## Exercise instructions
In the listing that follows, give every line again exactly and omit the pictures.

## Information provided
== Segment start ==

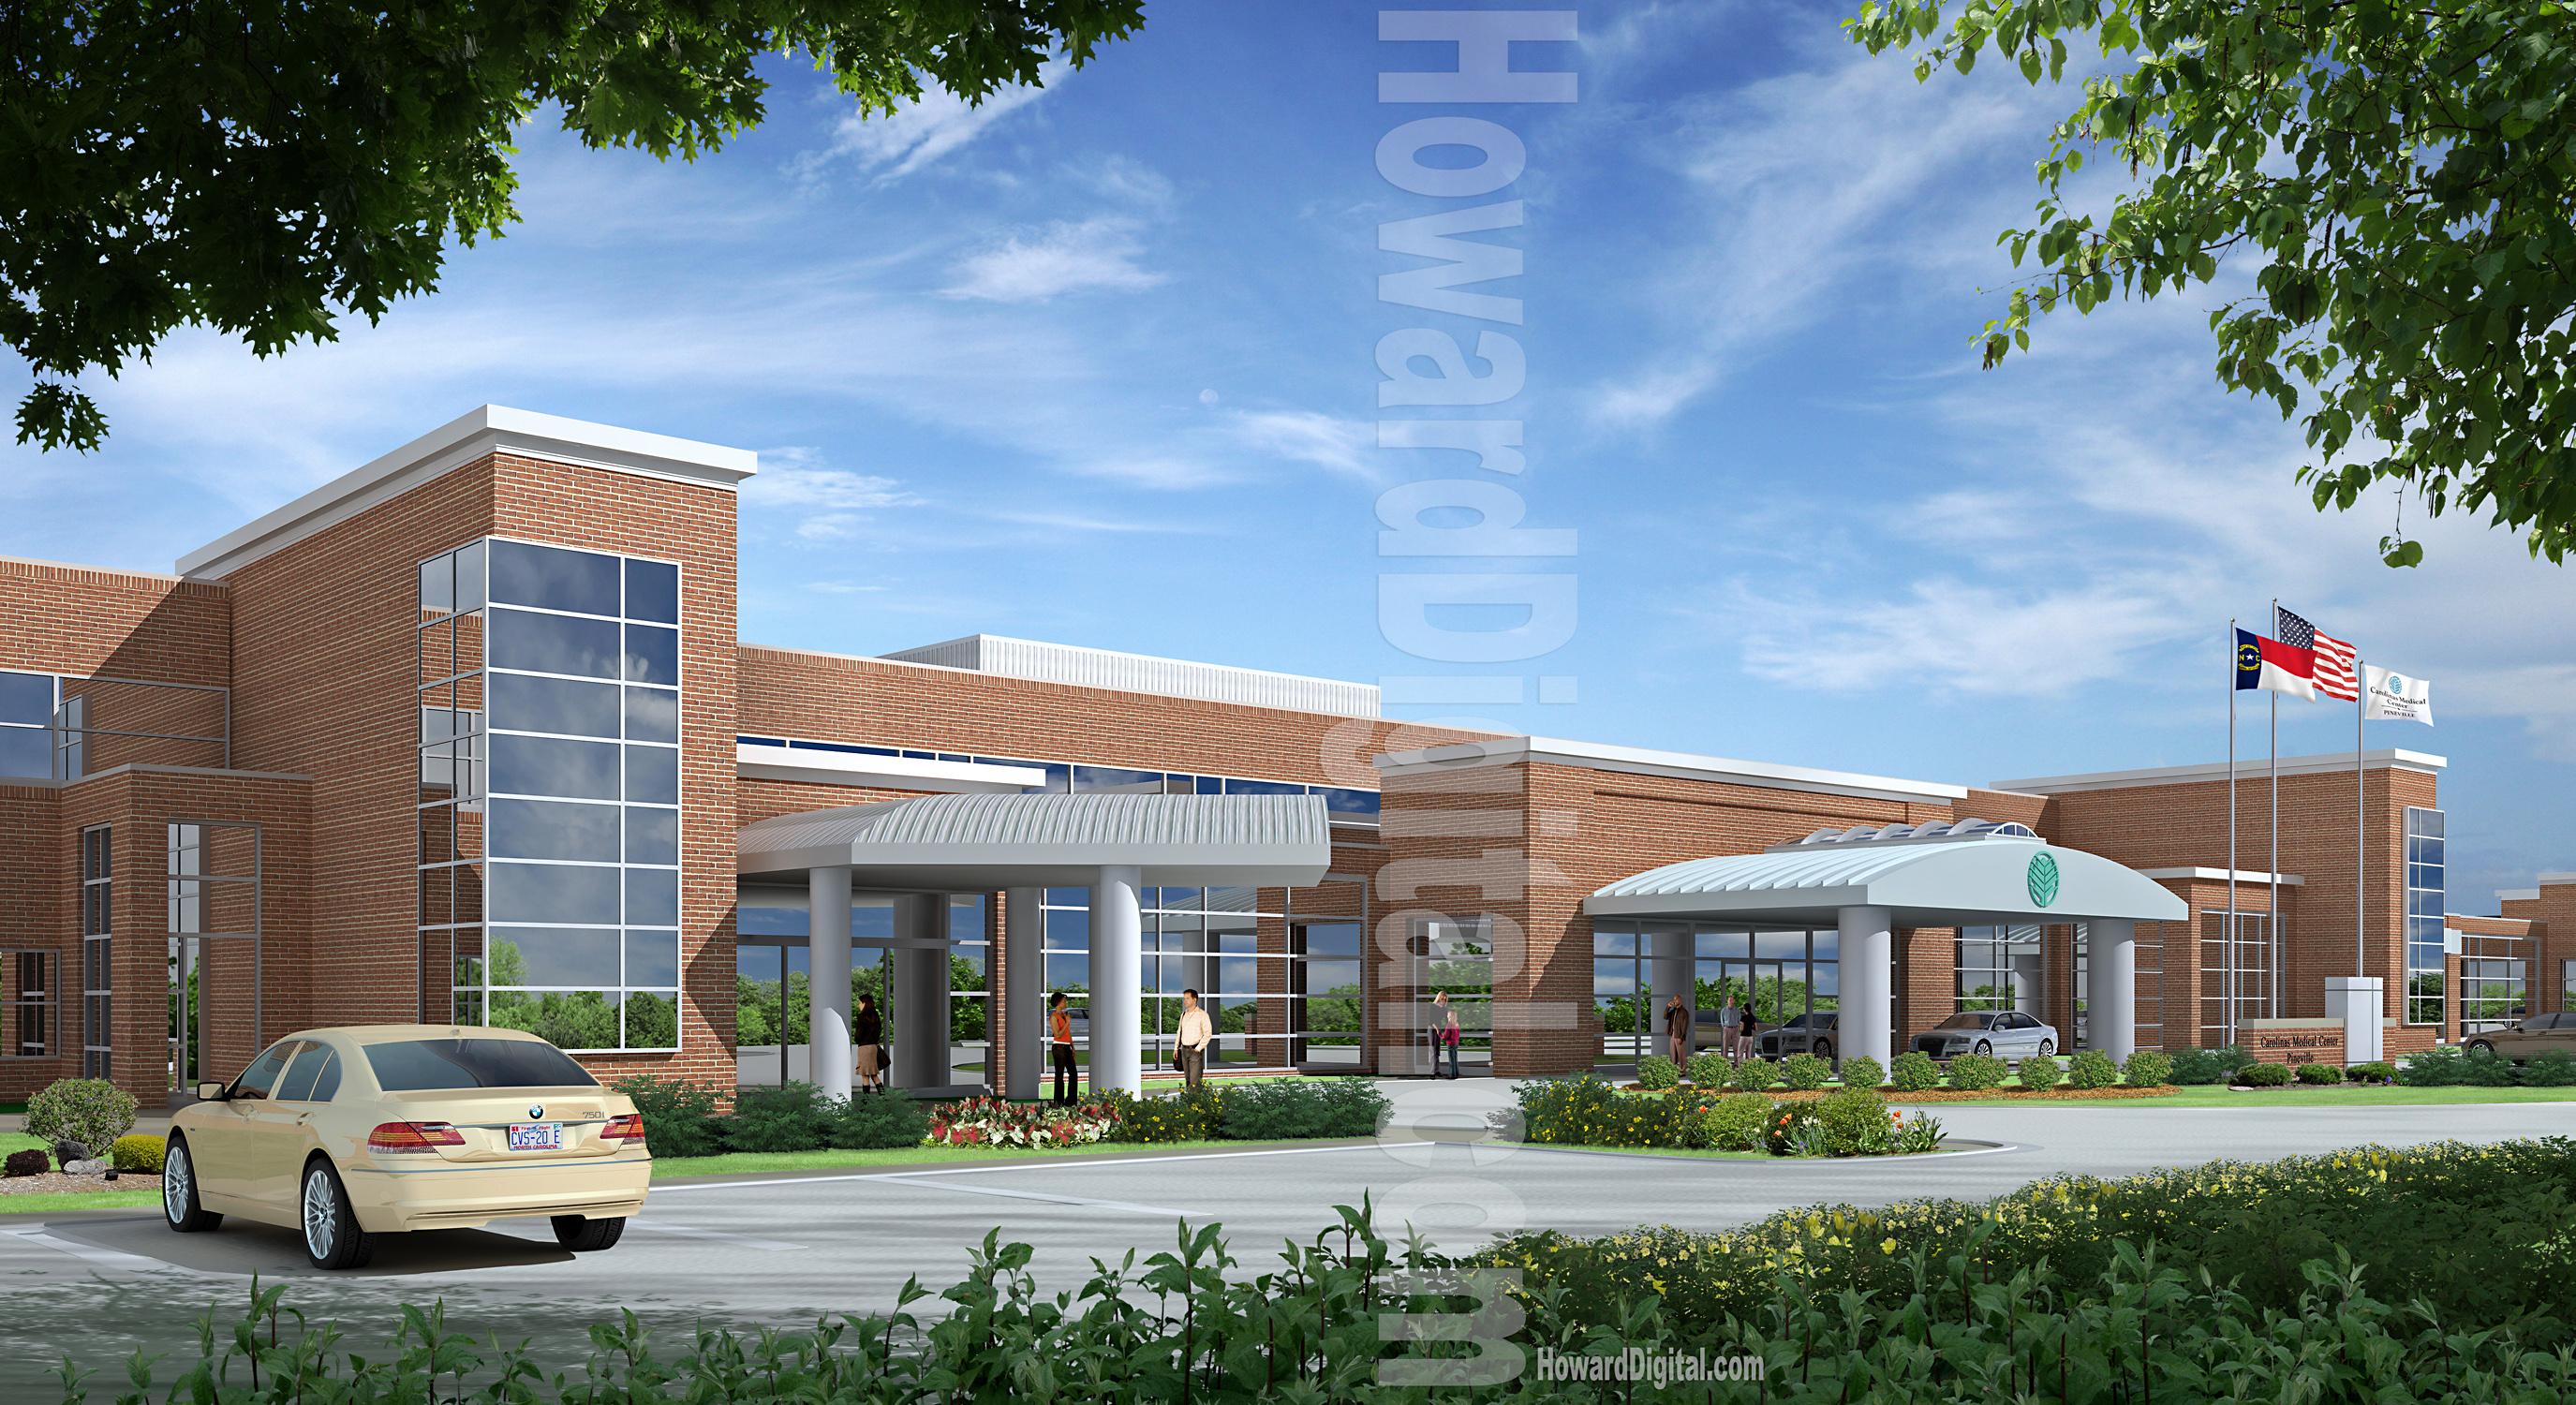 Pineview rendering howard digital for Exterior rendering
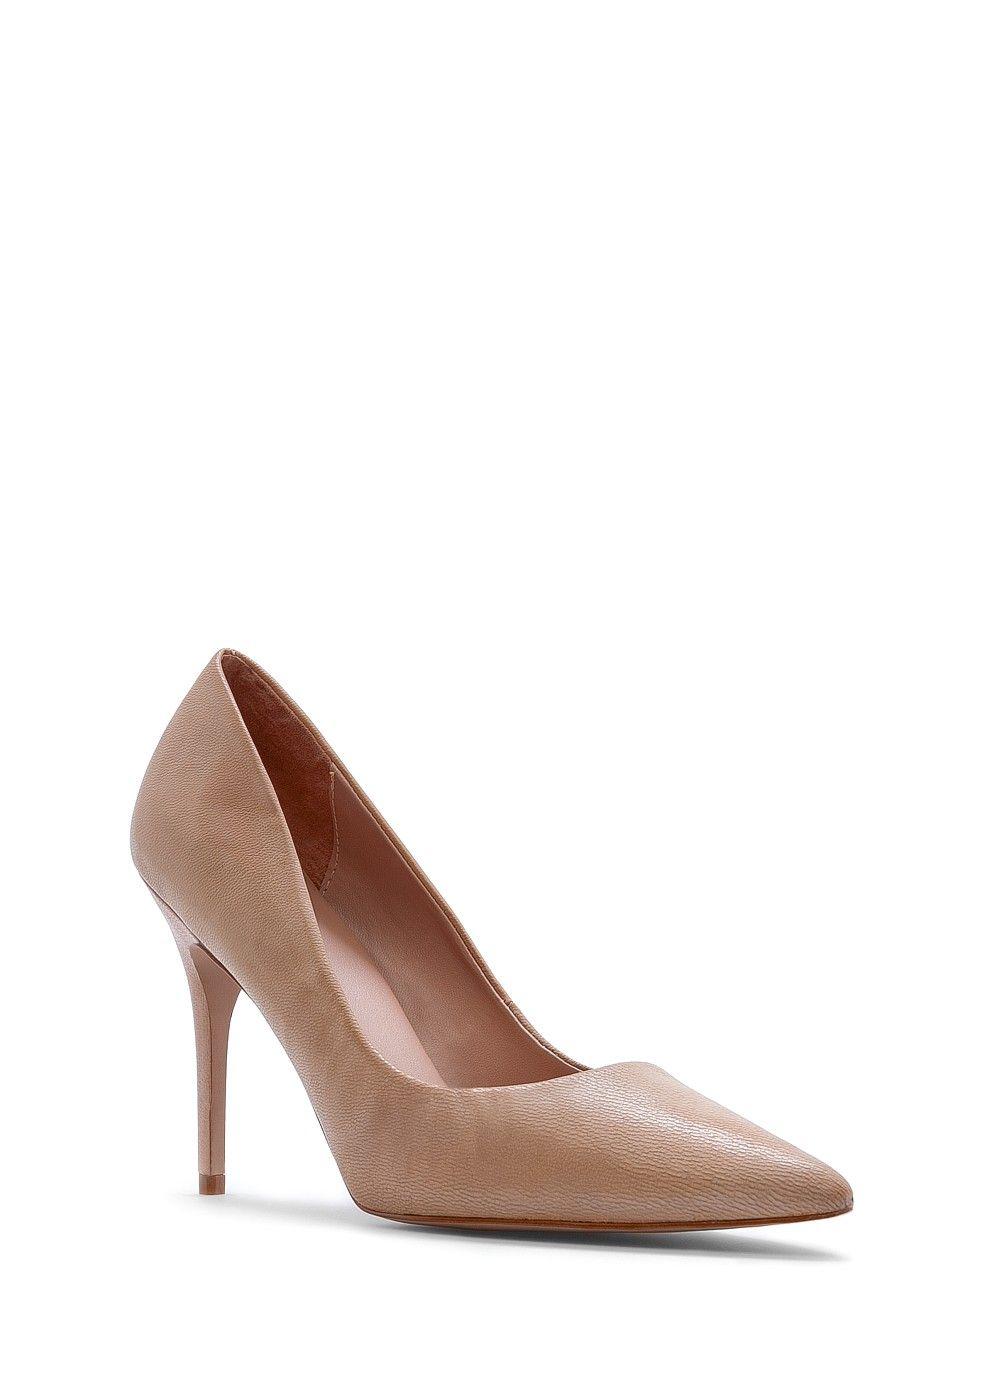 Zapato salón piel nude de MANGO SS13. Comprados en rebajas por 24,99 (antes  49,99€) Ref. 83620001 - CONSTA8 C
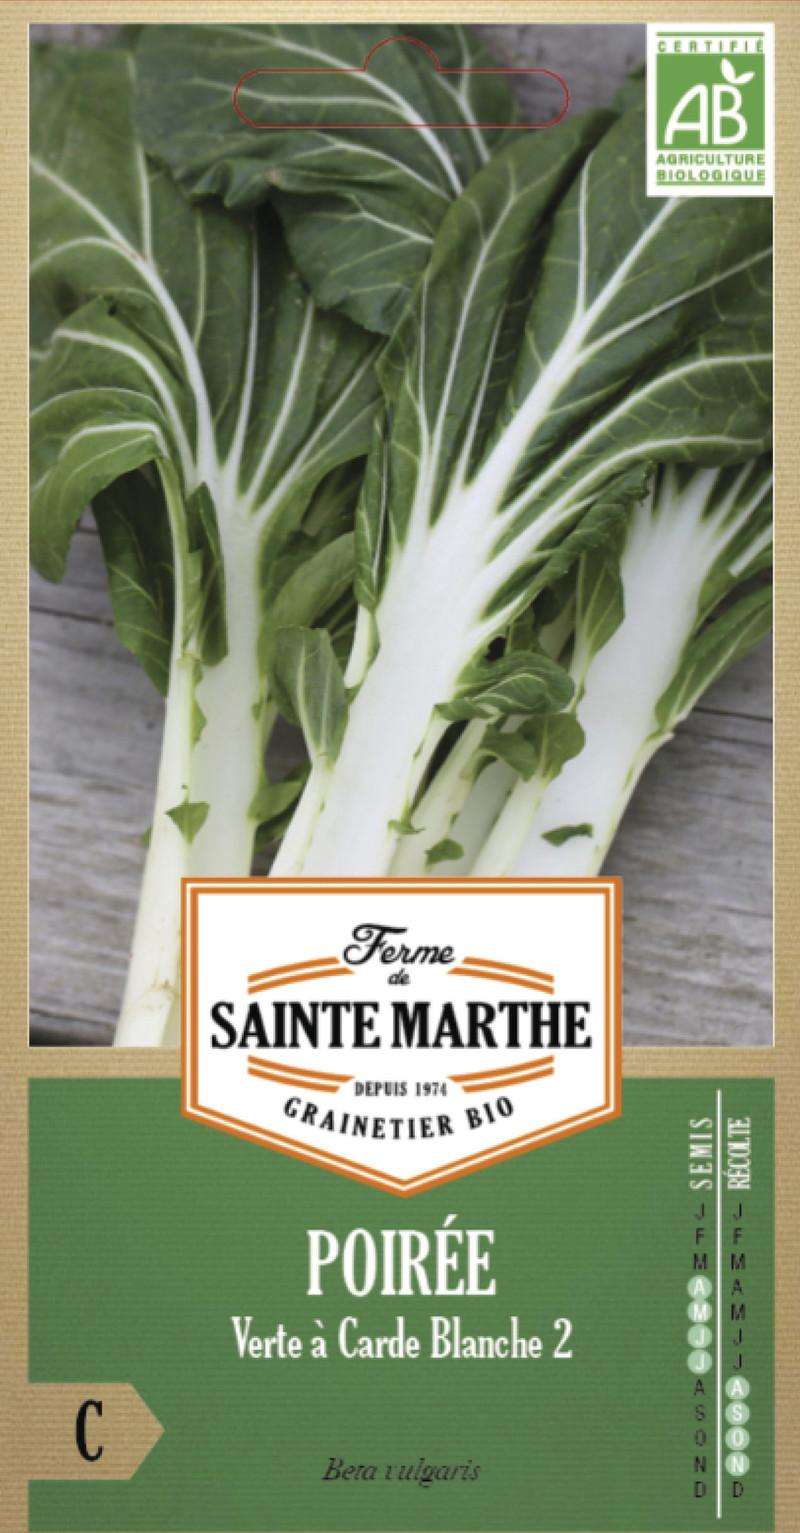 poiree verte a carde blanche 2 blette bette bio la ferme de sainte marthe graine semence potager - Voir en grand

== Segment end ==

## Expected output
 Pineview rendering howard digital for Exterior rendering
 Zapato salón piel nude de MANGO SS13. Comprados en rebajas por 24,99 (antes  49,99€) Ref. 83620001 - CONSTA8 C
 poiree verte a carde blanche 2 blette bette bio la ferme de sainte marthe graine semence potager - Voir en grand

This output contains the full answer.